The MS/MS spectra were searched by the Sequest-Sorcerer algorithm on a Sorcerer 2 IDA (Sage-N-Research)19 against a composite target/decoy database to estimate false discovery rate20. The target proteins included yeast proteins (from and common contaminants, such as porcine trypsin and human keratins. The decoy proteins were generated from pseudo-reversed sequences of all target proteins21. Searching parameters consisted of semi-tryptic restriction, fixed modification of Cys (+57.0215 Da, alkylation by iodoacetamide), and dynamic modification of oxidized Met (+15.9949 Da). Mass tolerance was set to ±20 ppm. For SILAC analysis, dynamic modifications of Arg (+10.0083 Da) and Lys (+6.0201 Da) were included. Only b and y ions were considered during the database match.

Peptide matches were filtered by a minimal peptide length of 6 amino acids21, then grouped by trypticity (only accept fully and partially tryptic peptides) and charge states20. In each group, the peptide matches were further filtered by dynamically increasing XCorr and ΔCn cutoffs until the global protein false discovery rate was ~3%7. While effectively removing false matches, the procedure recovered the vast majority (93.2 ± 2.6%) of estimated true MS/MS matches (also named spectral counts, Table 1). The filtering procedure also led to consistent results from technical replicates (Table 1).

Table 1
Evalution of false discoveries by the target-decoy strategy

When matching filtered peptides to proteins, we assigned the proteins sharing the same peptide(s) in one group, in which the top protein with highest peptide matches was selected to represent the group. For simplicity, we used all identified protein number for comparison during the optimization of LC settings. After optimization, both the identified proteins and protein groups were reported for the analysis of total yeast cell lysate by the LC/MS/MS run. Some of the accepted peptides and spectra are attached (see supplemental Table S3 and S4).

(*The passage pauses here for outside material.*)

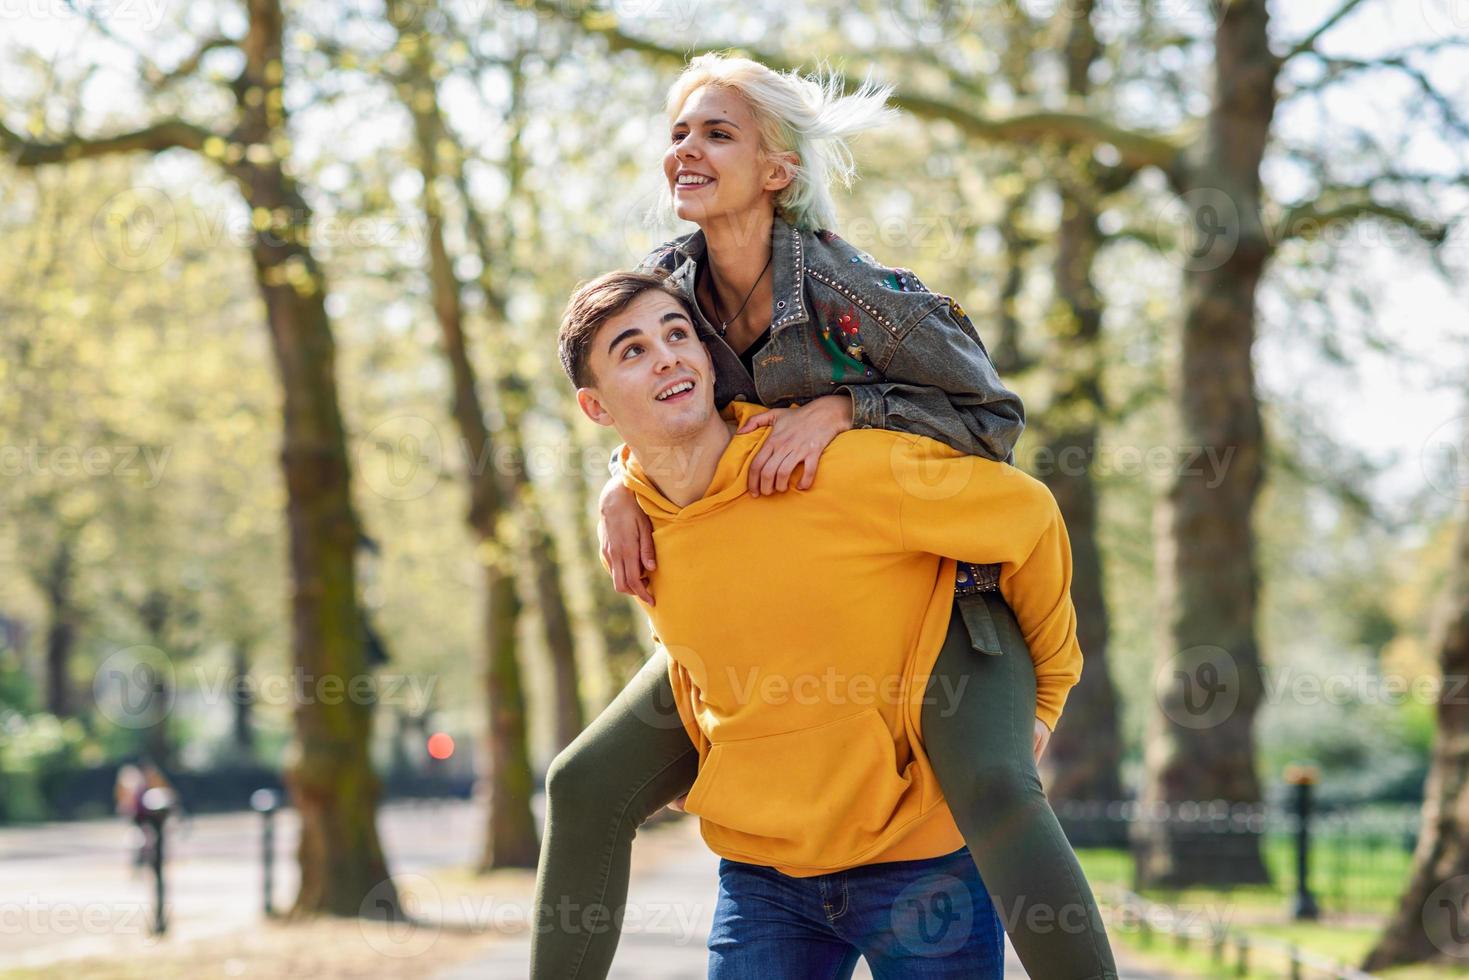 divertida pareja en un parque urbano. novio llevando a su novia a cuestas. foto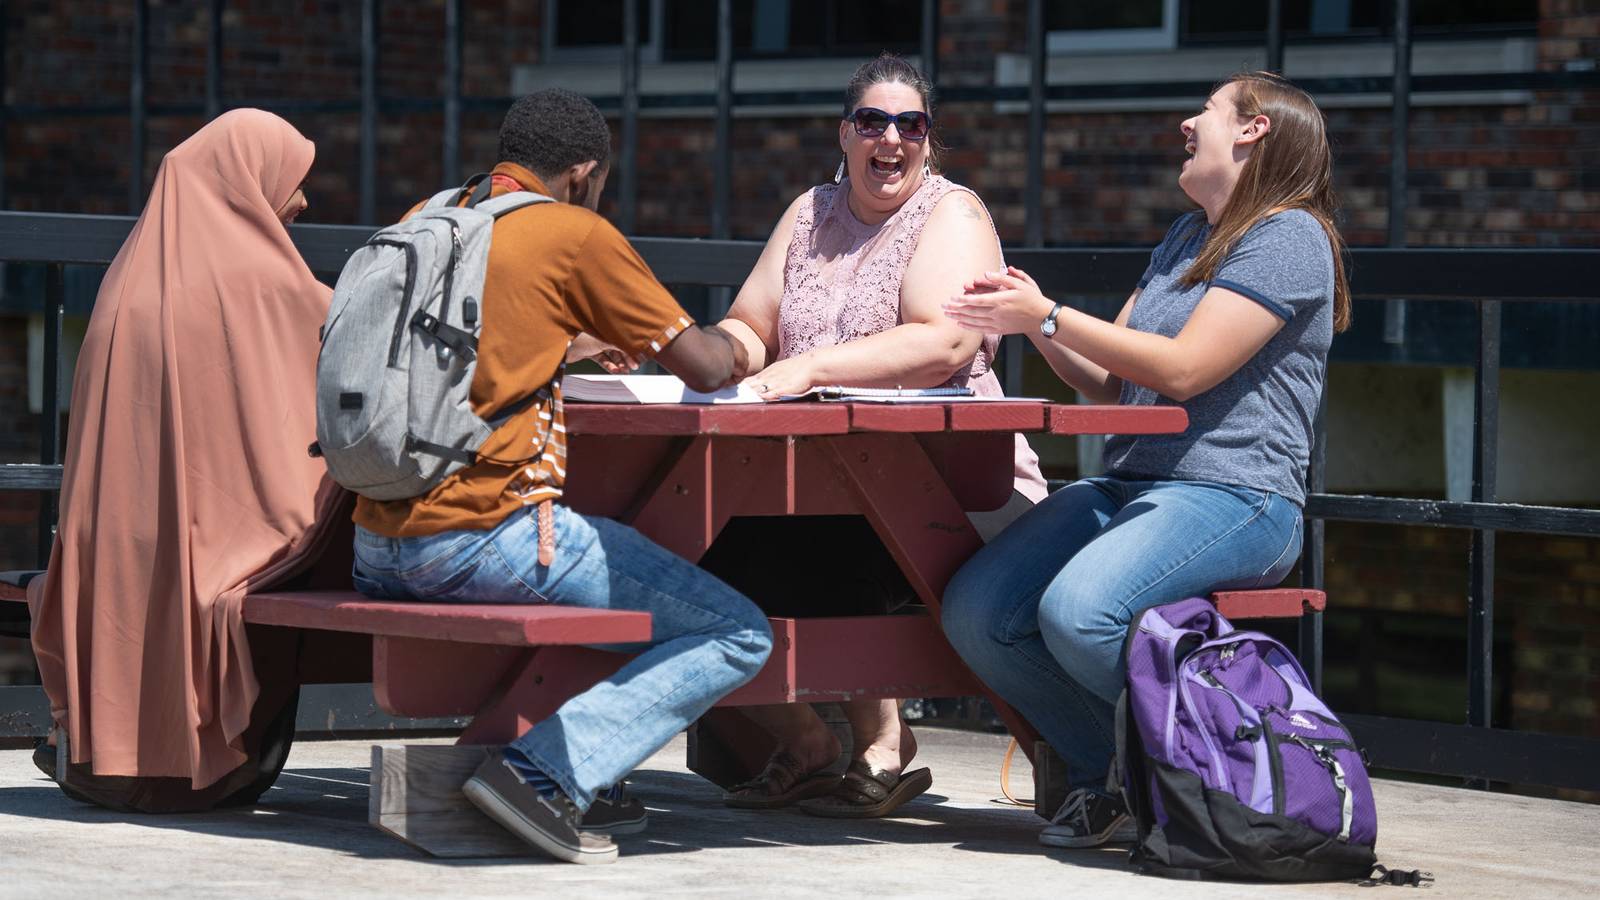 Students at picnic table, Rice Lake campus

Determination of Peptide Recovery by SILAC

To estimate the peptide recovery for C18 cartridge cleanup, 0.5% of the input and elution was taken and mixed with equal amount of SILAC-labeled peptides (derived from 1 μg of total protein), respectively. The two samples were analyzed by LC/MS/MS and the SILAC-labeled peptides were used as internal standards to evaluate peptide recovery. The detail quantification methods are described in another paper18.

Results and Discussion

Preparation of an Accurately Quantified Peptide Mixture

We used a highly complex biological sample from yeast to perform the optimization study (Figure 1A). Total protein was extracted from yeast cells using urea and SDS, and quantified by two independent methods. First, we used standard BCA assay in which Cu2+ is reduced to Cu1+ by proteins in an alkaline medium and the reduced Cu1+ selectively forms an intense purple complex with bicinchoninic acid to allow colorimetric quantification22. In six repeated analyses, the detected concentration was 4.2 ± 0.1 μg/μl using BSA as standard. To account for possible interference from buffer chemicals, we measured the protein concentration again based on Coomassie-stained SDS gel images (Figure 1B). As the interfering chemicals are removed after gel electrophoresis, the Coomassie dye only interacts with positively charged residues in proteins23. To minimize quantification errors, we ran a short gel to compress all proteins in 2-mm range. The dye absorbance signal was linear to titrated BSA concentration (R2 = 0.986) in all three replicates (Figure 1B), and the protein concentration of the cell lysate was measured to be 4.5 ± 0.1 μg/μl, consistent with the BCA result. Finally, the averaged concentration (4.35 μg/μl) was used for subsequent assays.

Figure 1
Sample preparation for LC/MS/MS runs.

Yeast proteins (2.0 mg) were then reduced, alkylated, digested in solution, and desalted by a C18 cartridge. To evaluate peptide recovery during the desalting step, we used SILAC-labeled heavy peptides as internal standard to quantify >100 abundant peptides in the input and eluate24. For instance, one peptide (NVPLYQHLADLSK) had a relative intensity of 1.2 before desalting and 1.1 after desalting when compared to the heavy standard (Figure 1C). Thus, the recovery of this peptide was ~91.7% (1.1/1.2). According to the recovery rate of 116 different peptides, we calculated final mean value of peptide recovery (73.7 ± 15%, Figure 1D) and used it to estimate total peptide amount for LC loading.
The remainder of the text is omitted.